You must first determine what percentage of your assets you want to invest speculatively in shares or funds and how much capital should remain in a safer investment form. Depending on your personal risk tolerance, you can, for example, invest 10% to 20% of your assets on the stock market. For your assets invested on the stock exchange, there are then various methods of limiting your risk
Methods for risk minimization
Risk per trade
Never risk more than 1% to 2% of your total portfolio value per position (depending on your personal investment strategy and the time horizon, this rate may be slightly higher, but never more than 5%)

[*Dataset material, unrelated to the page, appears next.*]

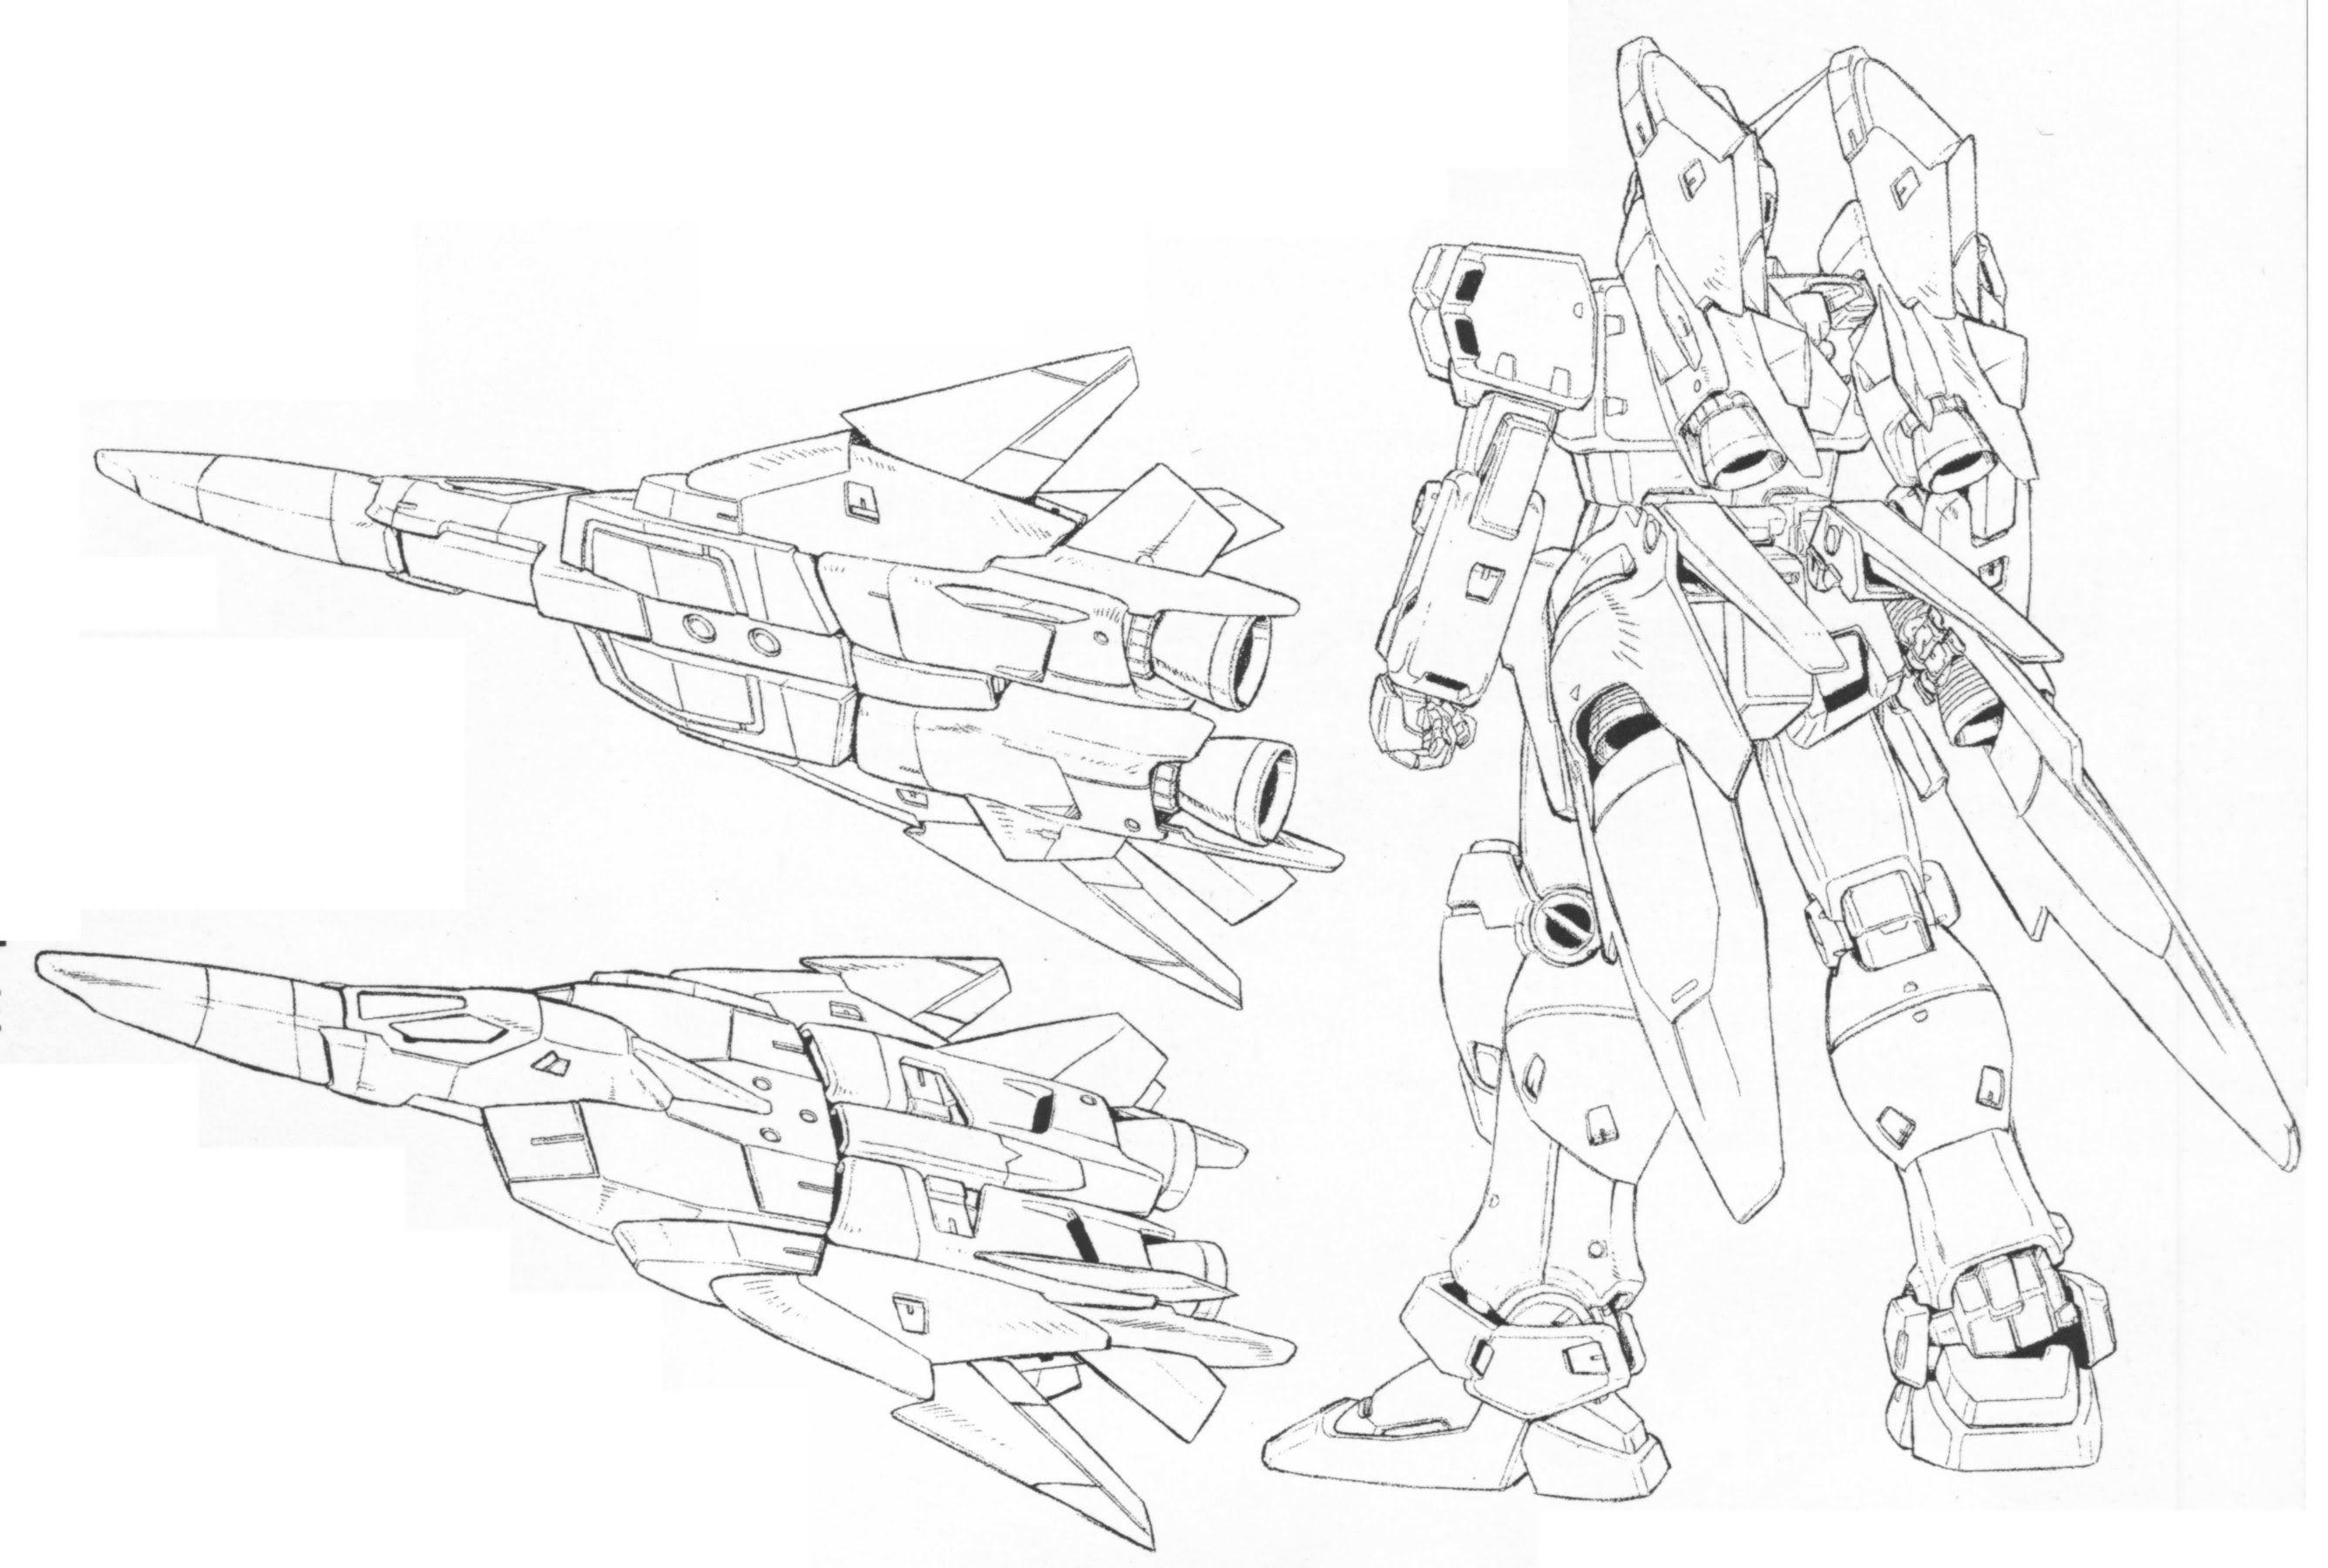 Dendrobium_corefighter2.jpg Photo by goofy_man_JG | Photobucket

Limiting losses through consistent stop orders
Limit your losses! Closing loss positions in time is one of the most difficult things in stock market trading, but once you experience how many big price drops you can avoid, you will be happy to accept small losses.
Always use Stop Loss Orders and keep to them! It is a common phenomenon that investors postpone their stop as soon as the price comes close to it. Of course, this makes stop-loss orders completely pointless and you make a fool of yourself. Of course you should also not place a stop loss too close to the current price, otherwise you will be stopped out too often. Set the stop in such a way that you are not immediately stopped out even by a moderate countermovement. Search the chart for a suitable stop level that is not too obvious. This means that stops are well placed, for example, a good bit below round marks or technical support lines.
Fixed profit targets
Set a profit target in advance and actually close the position when that target is reached. For example, it is a good idea to use a so-called bracket order when opening a new position. Once the position has been established, a Stop Loss and Take Profit order (profit limit) will be transmitted directly. If the stop is triggered, the take-profit order is automatically deleted – and vice versa. This way you can enter a position with peace of mind and even go on vacation without having to constantly check the prices. Targets and risks are then defined, so that only the market decides the result.
Stop in profit on buy-in
Don’t let a handsome profit turn into a loss. Once your position has reached an appropriate profit level, you should increase the stop to your cost price. This way you are protected against a loss in this position in any case. Do not be too hasty, however, as a small reset can trigger your stop too early and the trade will be in vain. As a rule of thumb, two-thirds to three-quarters of the way to your profit target should have been covered before you set your stop at break even.
Variant: Trailing Stop
To have the stop adjusted automatically by the trading platform, you can use a trailing stop order: For example, if you have bought a share at $30, you can place a trailing stop order with a spread of $3 . The stop is then set at $27. If the stock rises to $32, the stop is automatically increased by $2, so it is now $29, and so on.
Trading pause in case of large losses
If you have lost a pre-defined percentage of your assets, for example 10% or 20%, then you should temporarily refrain from trading on the stock exchange and analyse exactly what led to these losses. Only when you can clearly identify your mistakes and correct them should you plan a new start.